Below is my config. By the way, I remove the mirrorStrategy in the code because I cannot make it run with the mirrorStrategy, so probably this is the cause of the error since the original code compile the graph with strategy.scope(): and I remove this strategy parts in the train.py file

speech_config:
sample_rate: 16000
frame_ms: 25
stride_ms: 10
num_feature_bins: 80
feature_type: log_mel_spectrogram
preemphasis: 0.97
normalize_signal: True
normalize_feature: True
normalize_per_frame: False

decoder_config:
vocabulary: /home/liuyi/TensorFlowASR/vocabularies/librispeech/librispeech_train_4_1030.subwords
target_vocab_size: 1000
max_subword_length: 10
blank_at_zero: True
beam_width: 0
norm_score: True
corpus_files:
- /home/liuyi/TensorFlowASR/dataset/LibriSpeech/train-clean-100/transcripts.tsv

model_config:
name: conformer
encoder_subsampling:
type: conv2d
filters: 144
kernel_size: 3
strides: 2
encoder_positional_encoding: sinusoid
encoder_dmodel: 144
encoder_num_blocks: 16
encoder_head_size: 36
encoder_num_heads: 4
encoder_mha_type: relmha
encoder_kernel_size: 32
encoder_fc_factor: 0.5
encoder_dropout: 0.1
prediction_embed_dim: 320
prediction_embed_dropout: 0
prediction_num_rnns: 1
prediction_rnn_units: 320
prediction_rnn_type: lstm
prediction_rnn_implementation: 2
prediction_layer_norm: True
prediction_projection_units: 0
joint_dim: 320
prejoint_linear: True
joint_activation: tanh
joint_mode: add

learning_config:
train_dataset_config:
use_tf: True
augmentation_config:
feature_augment:
time_masking:
num_masks: 10
mask_factor: 100
p_upperbound: 0.05
freq_masking:
num_masks: 1
mask_factor: 27
data_paths:
- /home/liuyi/TensorFlowASR/dataset/LibriSpeech/train-clean-100/transcripts.tsv
tfrecords_dir: null
shuffle: True
cache: True
buffer_size: 100
drop_remainder: True
stage: train

eval_dataset_config:
use_tf: True
data_paths:
- /home/liuyi/TensorFlowASR/dataset/LibriSpeech/dev-clean/transcripts.tsv
tfrecords_dir: null
shuffle: False
cache: True
buffer_size: 100
drop_remainder: True
stage: eval

test_dataset_config:
use_tf: True
data_paths:
- /home/liuyi/TensorFlowASR/dataset/LibriSpeech/test-clean/transcripts.tsv
tfrecords_dir: null
shuffle: False
cache: True
buffer_size: 100
drop_remainder: True
stage: test

optimizer_config:
warmup_steps: 40000
beta_1: 0.9
beta_2: 0.98
epsilon: 1e-9

running_config:
batch_size: 8
num_epochs: 1
checkpoint:
filepath: /home/liuyi/TensorFlowASR/Models/conformer/checkpoints/{epoch:02d}
save_best_only: False
save_weights_only: False
save_freq: epoch
verbose: 1
states_dir: /home/liuyi/TensorFlowASR/Models/conformer/states
tensorboard:
log_dir: /home/liuyi/TensorFlowASR/Models/conformer/tensorboard
histogram_freq: 1
write_graph: True
write_images: True
update_freq: epoch
profile_batch: 2

from tensorflowasr.

nglehuy avatar nglehuy commented on June 4, 2024

@liuyibox There're still some issues when using "save_weights_only: False" (I'm working on this). So you should use "save_weights_only: True" to only store the weights in the checkpoints.

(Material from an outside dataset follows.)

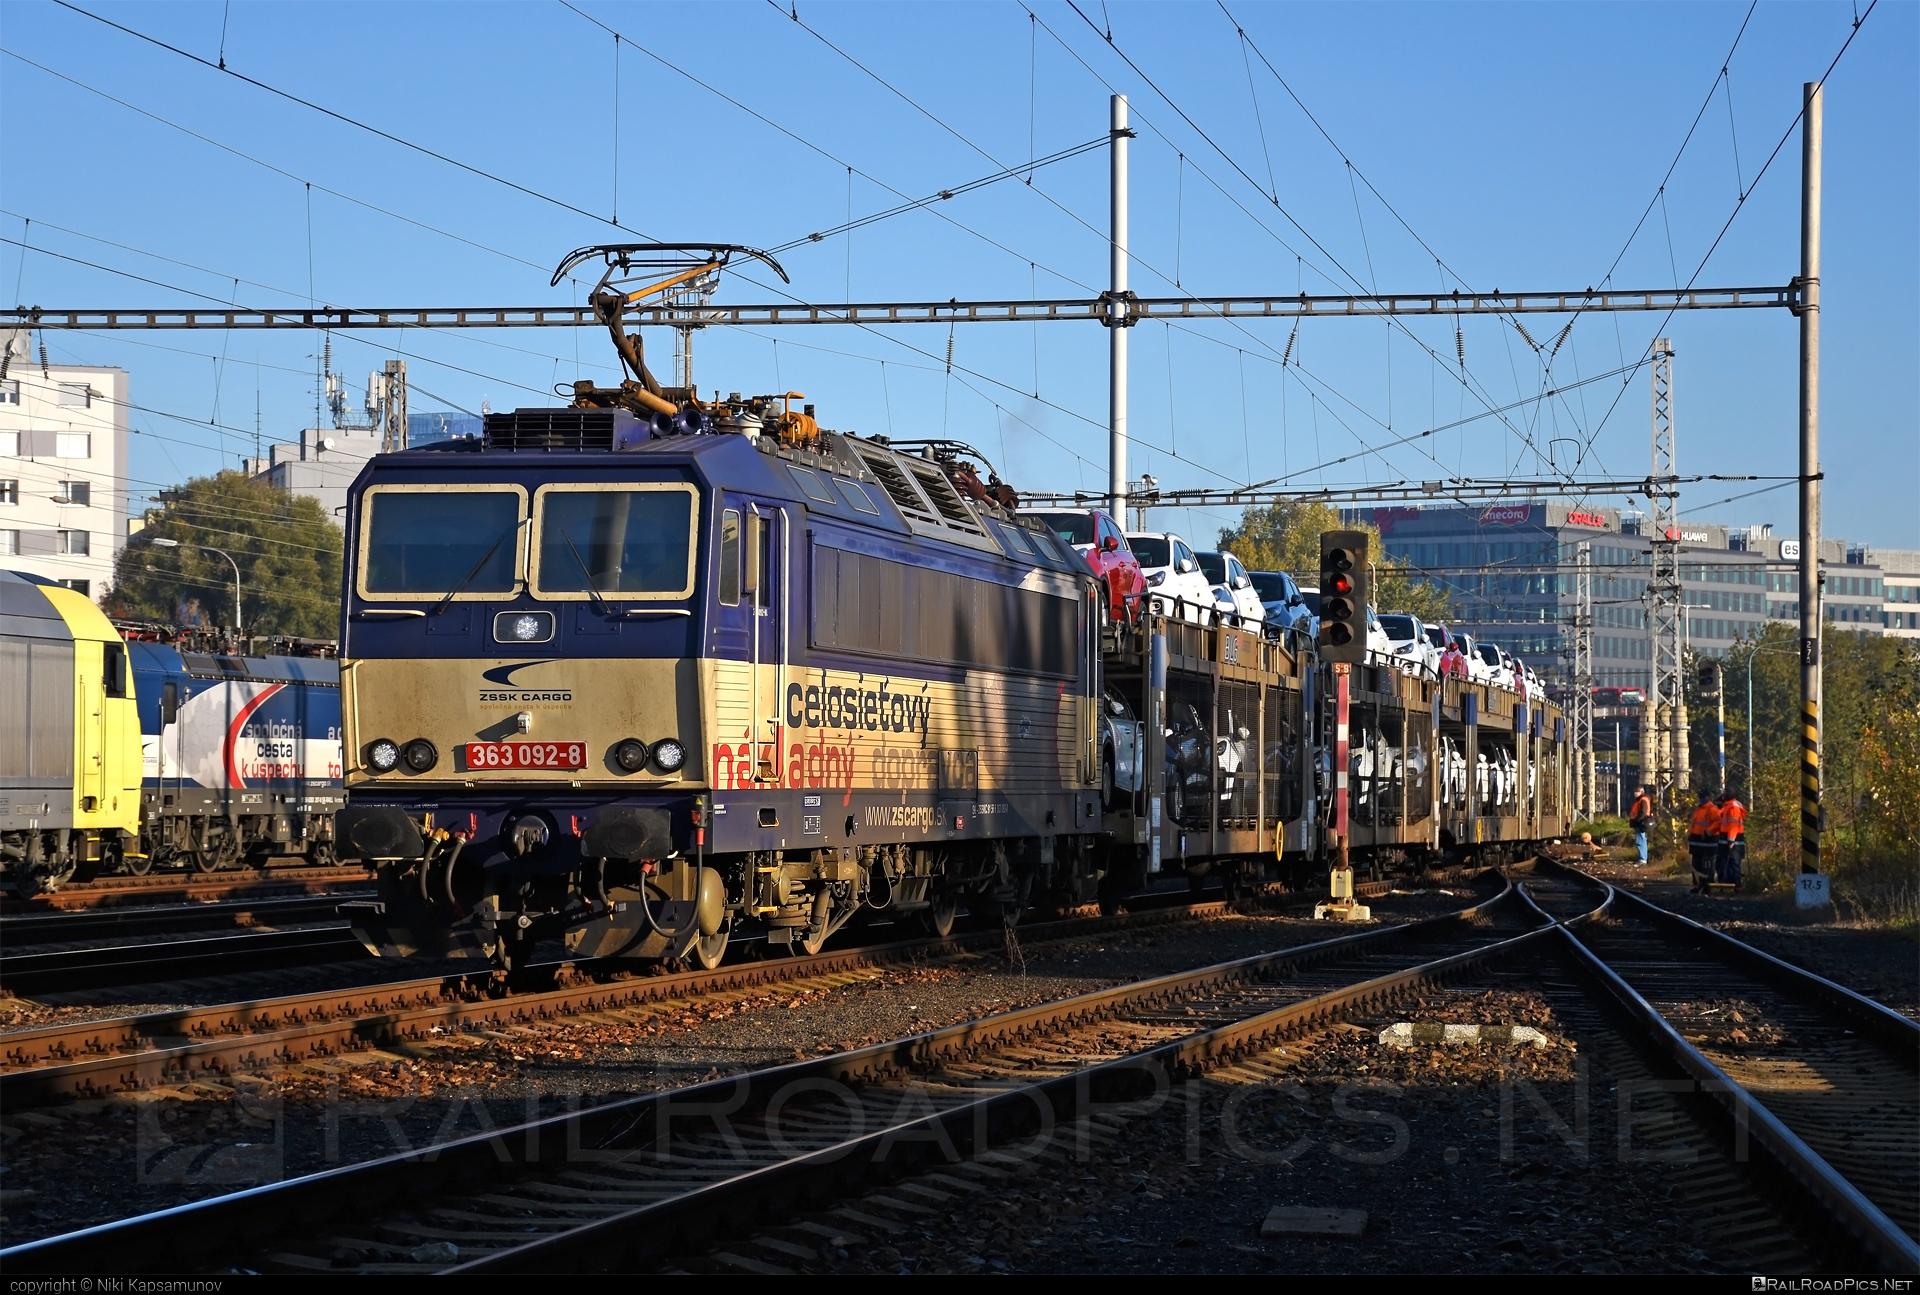 Škoda 69E - 363 092-8 operated by Železničná Spoločnost' Cargo Slovakia a.s. #ZeleznicnaSpolocnostCargoSlovakia #blg #carcarrierwagon #es4991 #eso #locomotive363 #skoda #skoda69e #zsskcargo
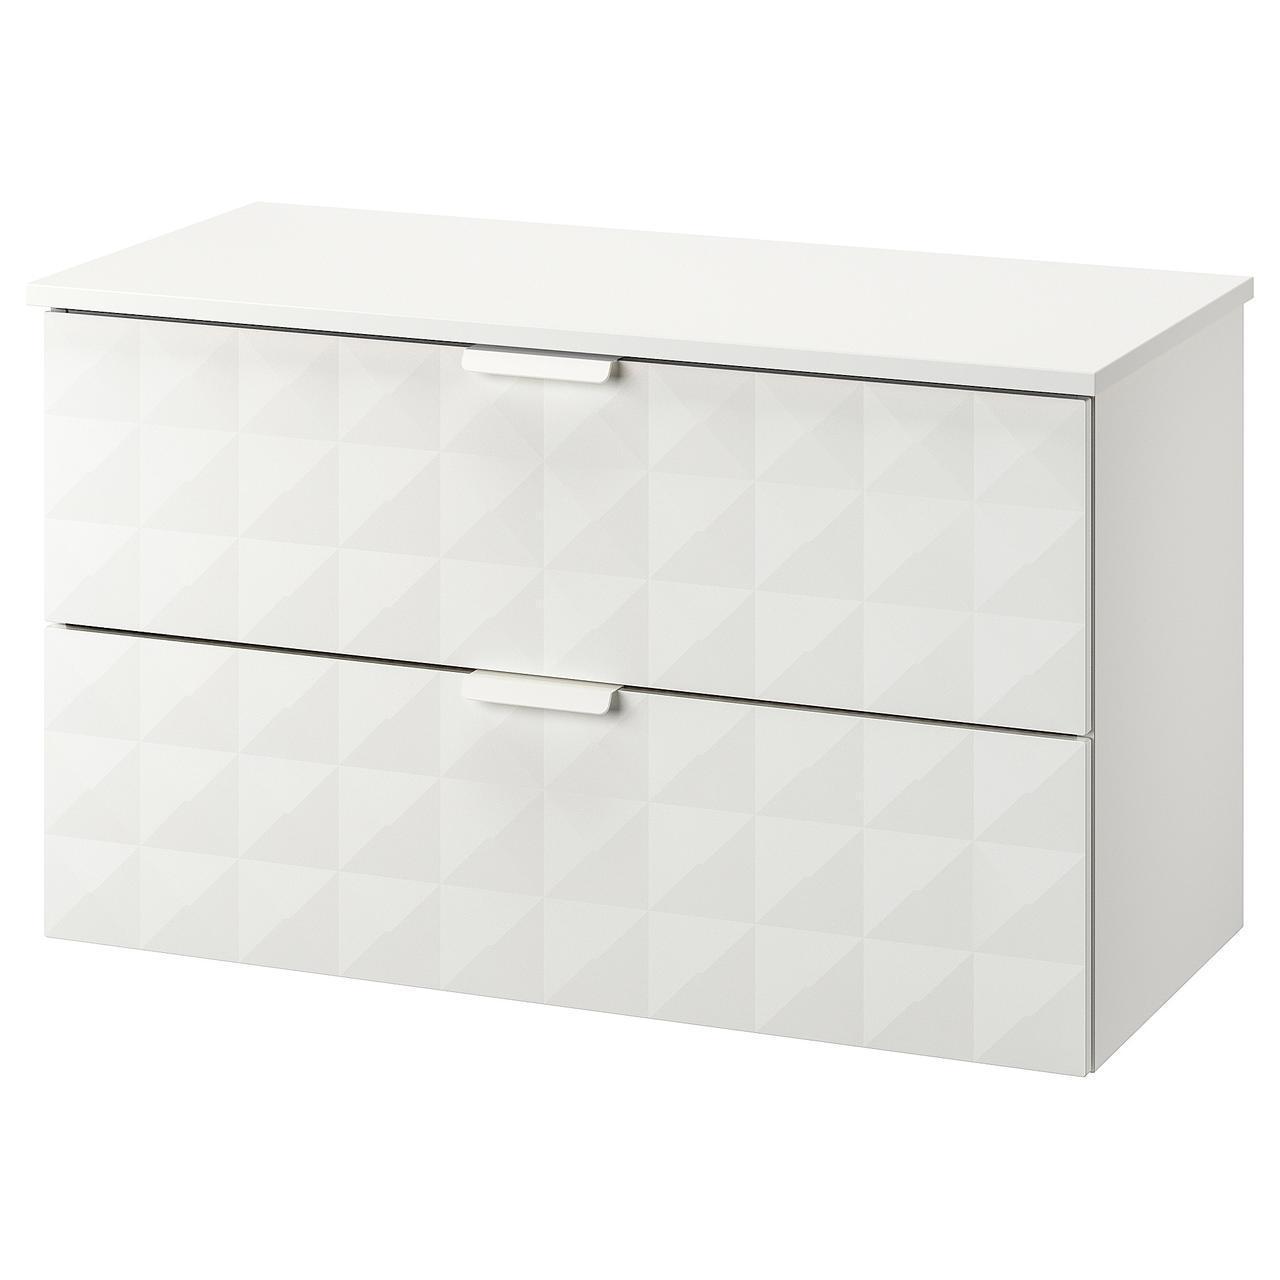 IKEA GODMORGON/TOLKEN Шкаф под умывальник со столешницей, Ресжöн белый, белый  (892.955.22)

The mirrorStrategy can work for 1GPU, if you have multiple gpus you can pass --devices=[0,1] to use only on gpu 0 and 1, or --devices=[0] or --devices=[1] to use single corresponding gpu.

from tensorflowasr.

liuyibox avatar liuyibox commented on June 4, 2024

@liuyibox There're still some issues when using "save_weights_only: False" (I'm working on this). So you should use "save_weights_only: True" to only store the weights in the checkpoints.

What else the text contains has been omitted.